Ganz interessant fand ich die Stelle am Brouwersdam (Nordseeseite) und Banjaard Strand am Flutwehr. Weiß jemand, wie es da mit dem Wolfsbarschangeln aussieht? Vielleicht gibt es ja auch noch bessere Stellen, z.B. an der Oosterschelde!? Also wir wollten für ein Wochenende kommen und hauptsächlich Spinnfischen vom Ufer mit Blinkern. Wäre dankbar für jeden Tipp auch im Hinblick auf den besten "Wolfsbarsch-Monat" in Zeeland, Beißzeiten etc...

Viele Grüße!!!


----------



## Kauli11 (6. April 2013)

*AW: Wolfsbarsch Zeeland*

Google mal Rob Staigis-Wolsbarsch,

der kann dir dazu sehr viel sagen.#h


----------



## kati48268 (6. April 2013)

*AW: Wolfsbarsch Zeeland*

An der Oosterschelde haben sich auch mal ein paar Silberrücken aus dem Board rumgetrieben, vielleicht findest du da ein paar Infos für dich:
http://www.anglerpraxis.de/ausgaben...-oosterschelde-alte-saecke-auf-wolfsjagd.html

Das von Kauli genannte Buch ist sehr zu empfehlen.
Dies ist die HP von Robert:
http://wolfsbarsch.com/


----------



## Passion11 (8. April 2013)

*AW: Wolfsbarsch Zeeland*

OK, danke für die Empfehlungen. Falls sonst noch jemand Tipps bezüglich speziellen Stellen hat. Gerne!!!


----------



## Michael_05er (8. April 2013)

*AW: Wolfsbarsch Zeeland*

Falls Du nicht über Robs Homepage darauf stößt (die ich Dir auch sehr ans Herz lege, wie auch das Buch): In Collijnsplaat gibt es einen Angelladen, den Du auf jeden Fall besuchen solltest, wenn Du dort bist. Da kannst Du aktuelle Köder- und Angelstellen-Tipps bekommen. Es gibt auch die Möglichkeit für einen Bootstrip mit Bas oder Chris, ich glaube, das haben die weiter oben genannten "Board-Oldies" gemacht.

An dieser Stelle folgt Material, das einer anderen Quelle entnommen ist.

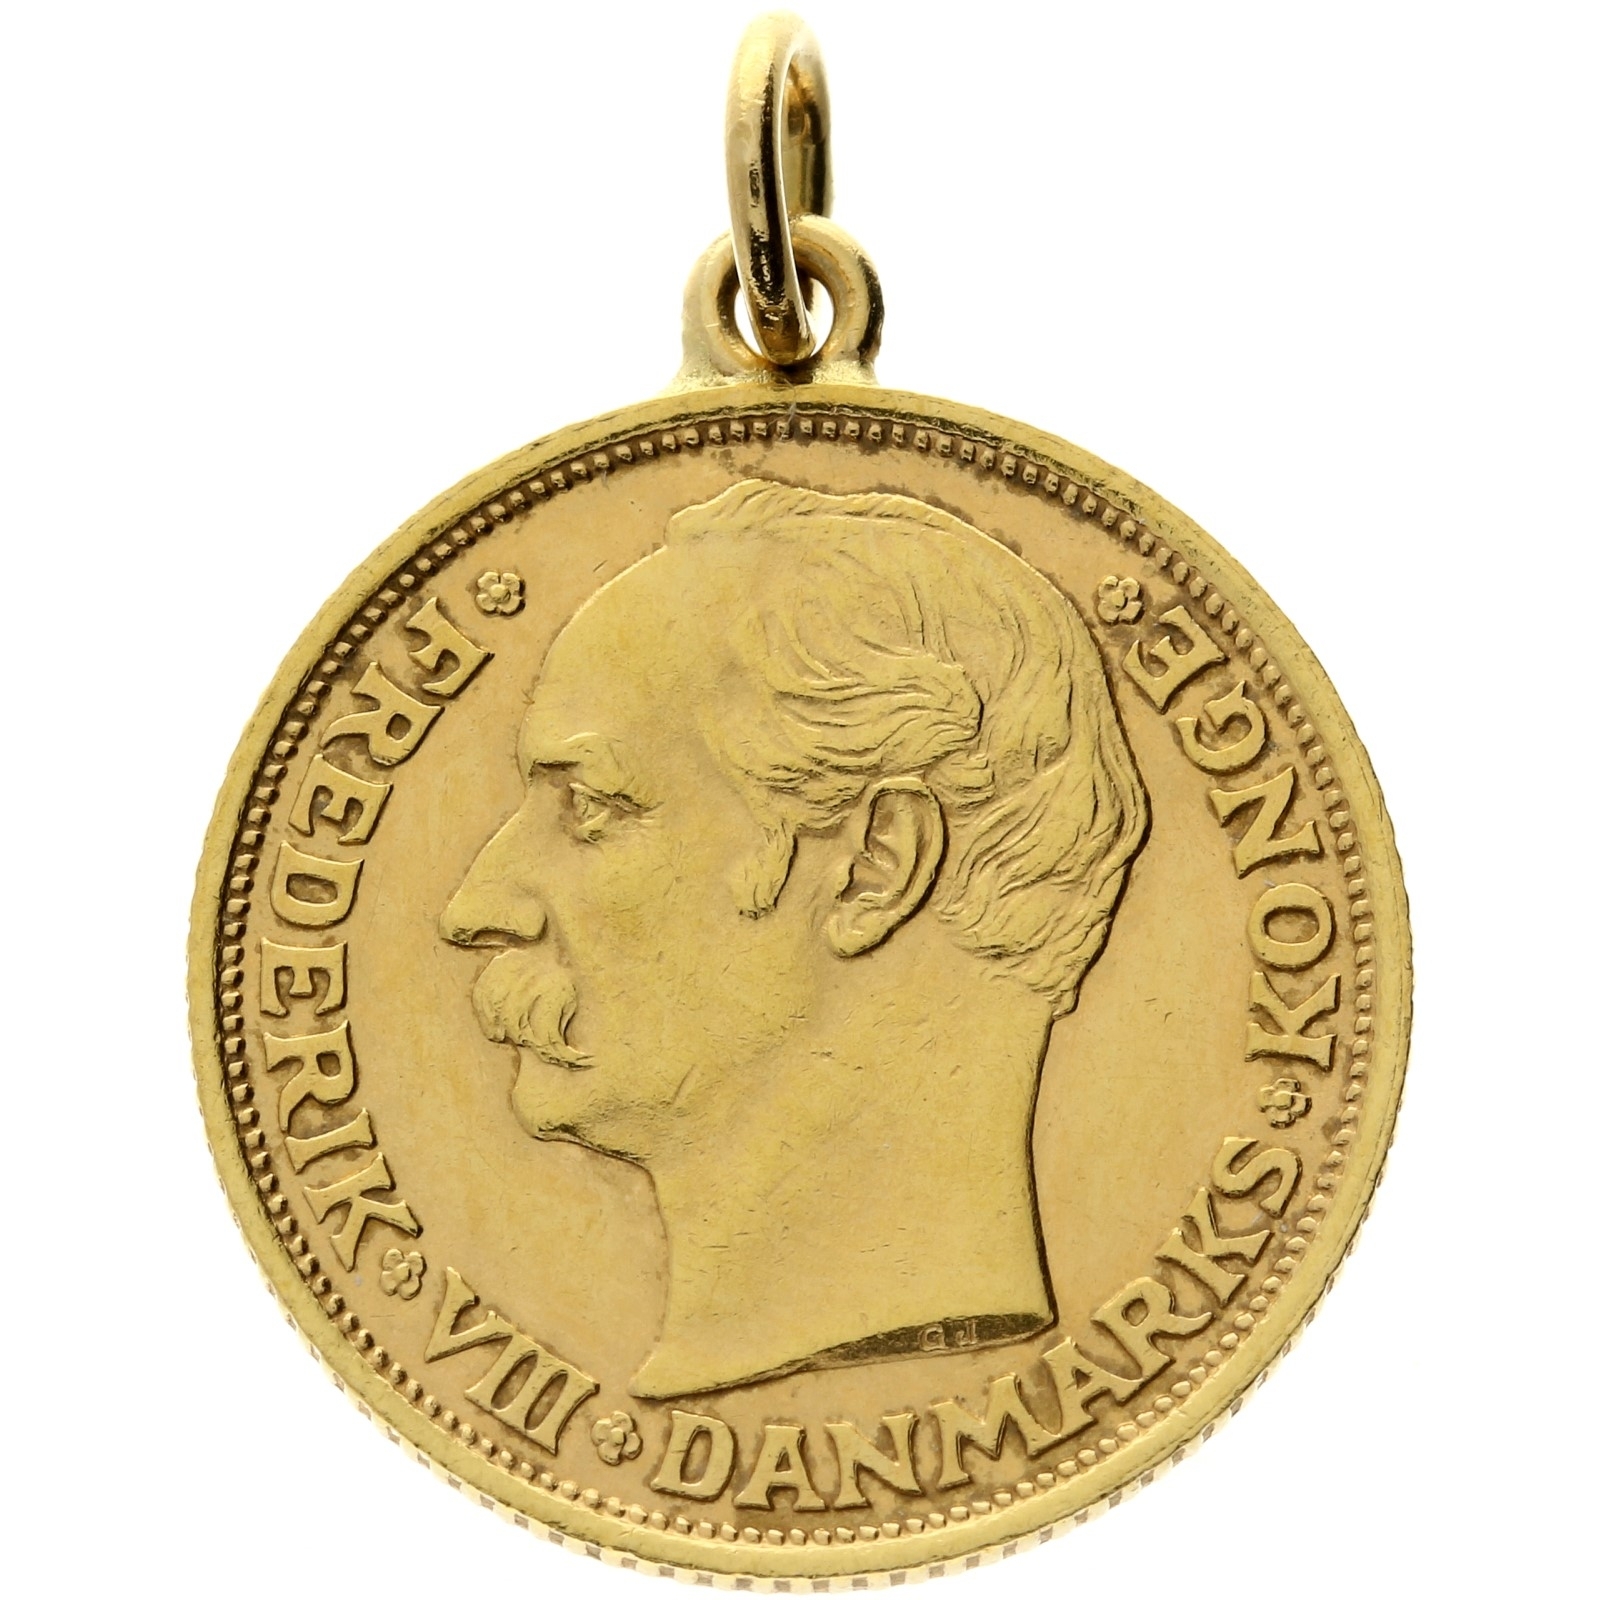 Denmark - 10 kroner - 1908 - Frederik VIII - pendant

Als Beißzeiten werden die Gezeitenwechsel empfohlen. Von den Stellen, die Du nanntest, kenne ich nur Neeltje Jans, das ist eine gute Stelle. Als Köder werden meines Wissens eher Wobbler oder Gummifische genutzt, Blinker sind seltener im Gebrauch.

Grüße,
Michael


----------



## Thomas9904 (8. April 2013)

*AW: Wolfsbarsch Zeeland*



> Es gibt auch die Möglichkeit für einen Bootstrip mit Bas oder Chris, ich glaube, das haben die weiter oben genannten "Board-Oldies" gemacht.


Jepp, haben wir, empfehlenswert, nicht billig allerdings..

Bas kann Dir im Laden aber sicher sagen, was, wo, wie und wann gerade aktuell da in der Oosterschelde läuft. Auch was vom Ufer aus möglich ist.


----------